Tuesday, 21 June 2016
Riverside Center (Hyatt Regency)
L. Hu (University of Illinois at Chicago), P. J. Phillips (University Of Illinois At Chicago), B. Key (JCESR at Argonne National Laboratory), and J. Cabana (JCESR at University of Illinois at Chicago)
Chemical degradation at electrode/electrolyte interfaces in Li-ion batteries creates the challenge of designing stable cathode materials to avoid the loss of active cathode material at the interface of the cathode and electrolyte. Surface modification with non-active oxide is regarded as a valid strategy to decrease such degradation based on their role as electronic insulator between cathode and electrolyte.
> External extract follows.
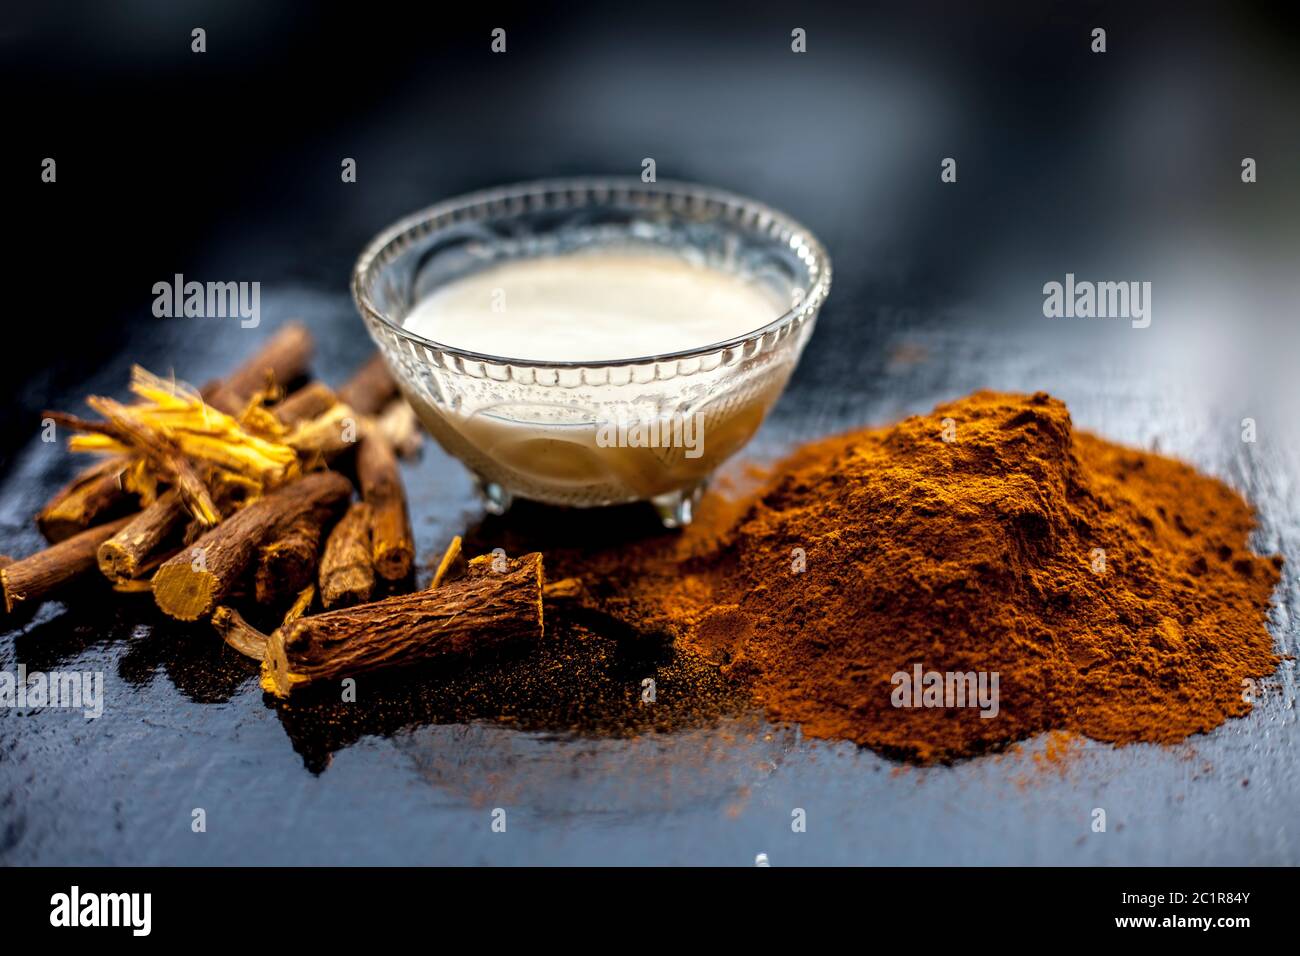 Face mask for Melasma consisting of Revand chini's powder, and milk. Shot of raw revand chini roots, powder, and milk. Stock Photo

Although different oxides have been reported to enhance stability against chemical degradation, the realization of stability and durability of surface modified cathode materials is not well understood owing to the inhomogeneity and complex morphology of typical cathode powders and the resulting difficulty in properly characterizing the surface structure. Indeed, the specific chemical identity of the non-active oxide on the surface of cathode materials can vary. For instance, Al
3+ can incorporate as amorphous Al
2O
3 or crystalline LiAl
xCo
1-xO
2, among others.
Herein, we directly synthesized well-defined LiCoO2 (LCO) nanocrystals with a hydrothermal process and employed as model cathode materials before coating 2nm uniform Al3+ oxide thin films on their surface and annealed at different temperatures. Phase analysis have confirmed that Al can be formed as Al2O3 at low temperature and as LiAlxCo1-xO2 at high temperature. Microscopy analysis presents direct proof of Al conformally coated on their surface. The electrochemical properties have demonstrated the different effect of coating with different Al-containing phases. Compared to bare LCO nanoplates, amorphous Al2O3 film coated on such nanoplates presents higher capacity and average stability whereas LiAlxCo1-xO2 coated film have much higher stability with average capacity. Data from atomic resolution TEM and solid state NMR will be discussed.